# Where to buy Red chainring?



## mmorast (Oct 22, 2007)

Was looking to buy just the chainring, and could not find a place. Is this possible? 

Monte


----------



## cydswipe (Mar 7, 2002)

You'll have to ask your local SRAM dealer to order a replacement. Even then, it may not be possible yet.


----------



## mmorast (Oct 22, 2007)

Had not asked them yet. Did my initial web search to get general prices for comparison. I will have to ask the tomorrow when I stop in for my daily job.


----------



## edorwart (Aug 9, 2007)

Did you find the Chain Rings you were looking for?

I would be wiling to sell you a slightly used set of Red 53 / 39's that were used for 150 miles.

You can email me directly if you wish.

[email protected]


----------



## MarvinK (Feb 12, 2002)

The pros aren't even using Red rings... why not just replace with Force rings--which are cheaper and more readily available?


----------



## nrspeed (Jan 28, 2005)

Why would you want RED rings? There are better aftermarket ones. Try TA rings. I changed my RED outer compact ring out.


----------



## prschatt (Aug 19, 2007)

What's the problem with RED rings?. I had force and now red. haven't noticed a difference. Did have a problem with the RD, and chronic de-tuning issues, SRAM replaced and has been great or I guess shifts smoothly as the Force group did (never did get an explanation of the issue). I did get my group at the time Astana had a 600 group order being filled and there was a shortage, so maybe QC wasn't what it should have been. 
Just curious


----------



## MarvinK (Feb 12, 2002)

nrspeed: so, you got your old ones still... and willing to sell?


----------



## edorwart (Aug 9, 2007)

MarvinK said:


> nrspeed: so, you got your old ones still... and willing to sell?

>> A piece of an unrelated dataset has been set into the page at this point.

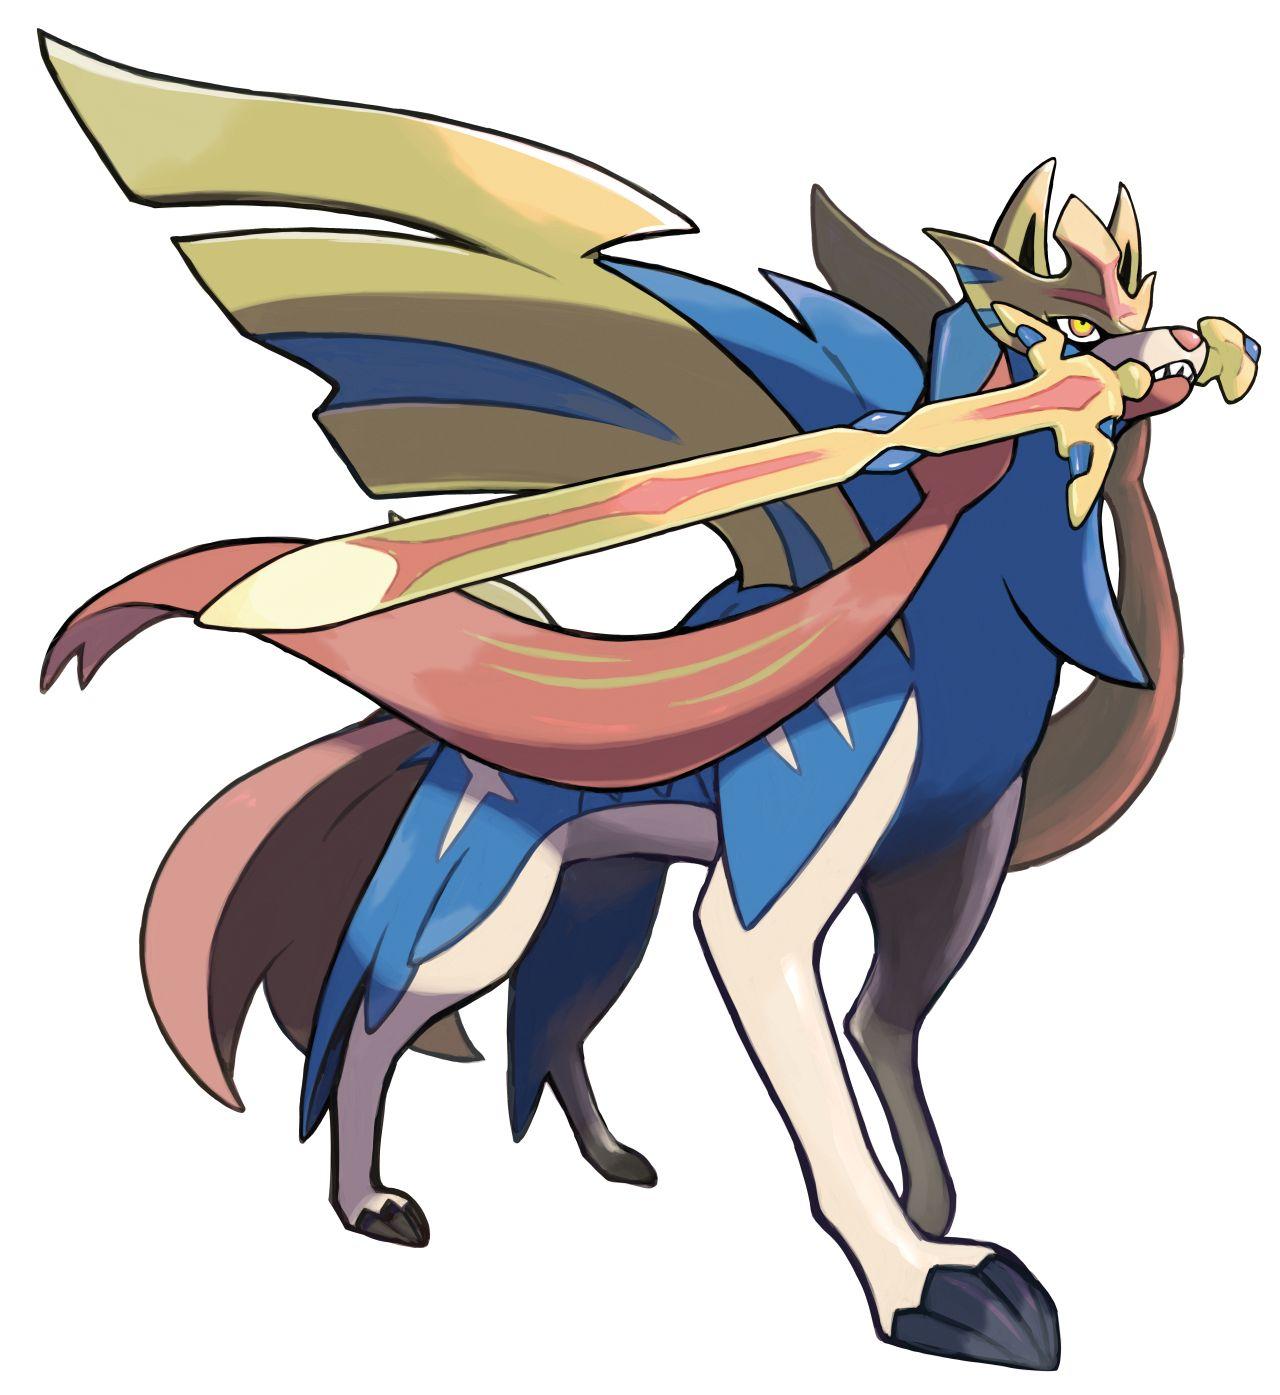 Pokemon Sword And Shield Legendaries Zacian And Zamazenta Are The

As I stated in my earlier post, I have a set to sell. 53 / 39 used for 150 miles. Yours for $105.00 which includes USPS Priority Mail shipping in the lower 48.

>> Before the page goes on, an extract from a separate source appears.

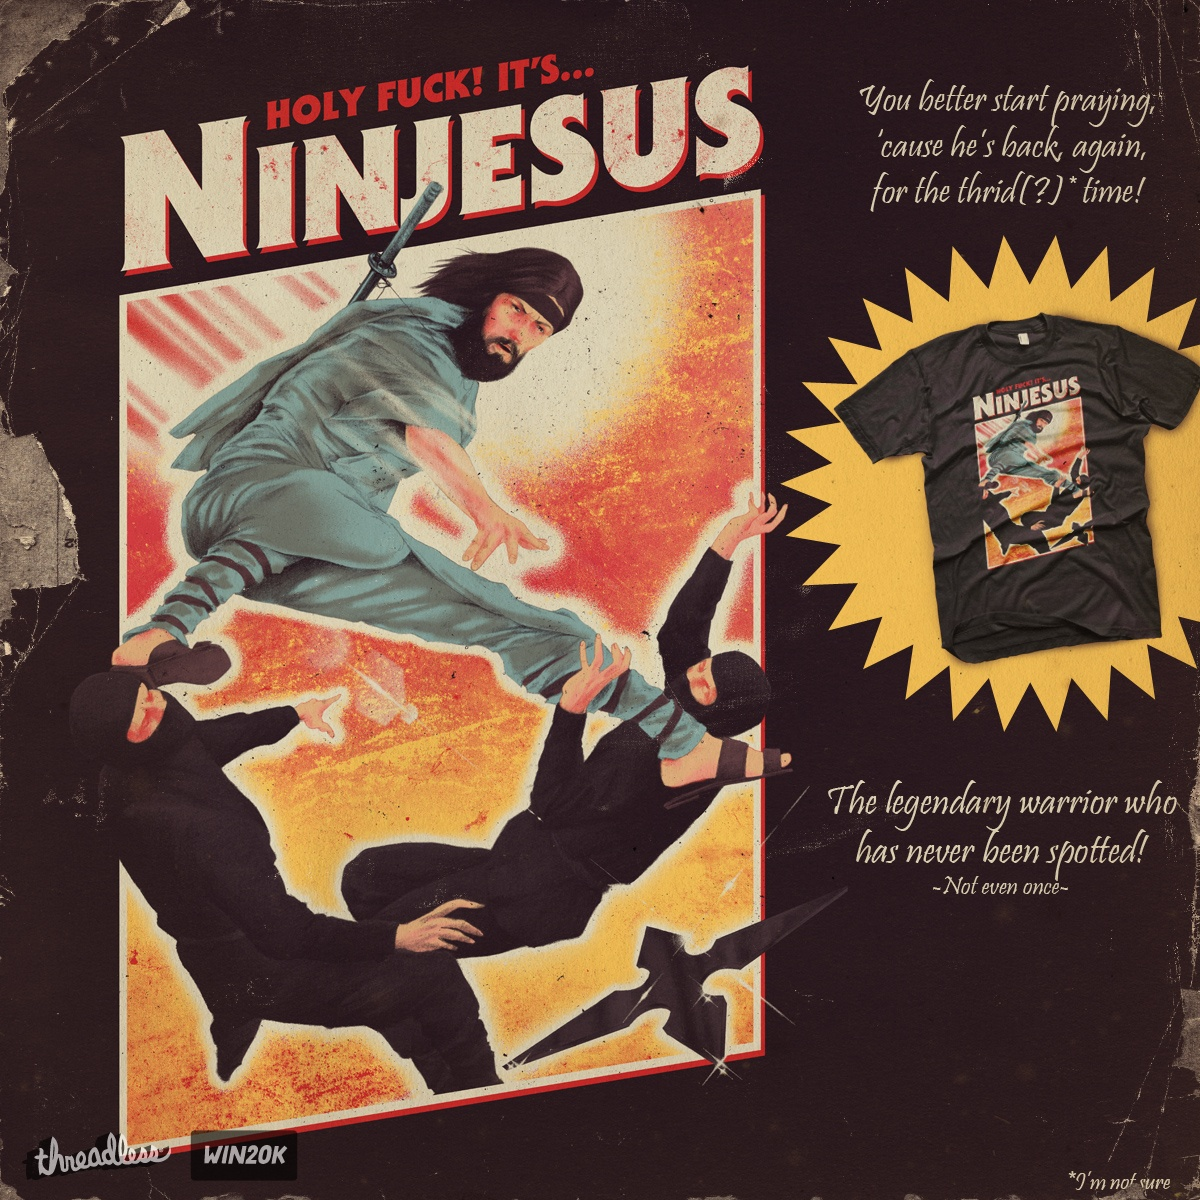 Ninjesus by mathiole and hafaell on Threadless

Anyone that is interested can email me a [email protected]


----------



## orlin03 (Dec 11, 2007)

MarvinK said:


> The pros aren't even using Red rings... why not just replace with Force rings--which are cheaper and more readily available?


Aren't the Red rings supposed to be stiffer?


----------



## MarvinK (Feb 12, 2002)

What I've read is they are prone to bending--luckily, mine work great. In any case, I wouldn't feel too bad about using non-Red rings... too bad the Red rings look so cool compared to old SRAM rings.


----------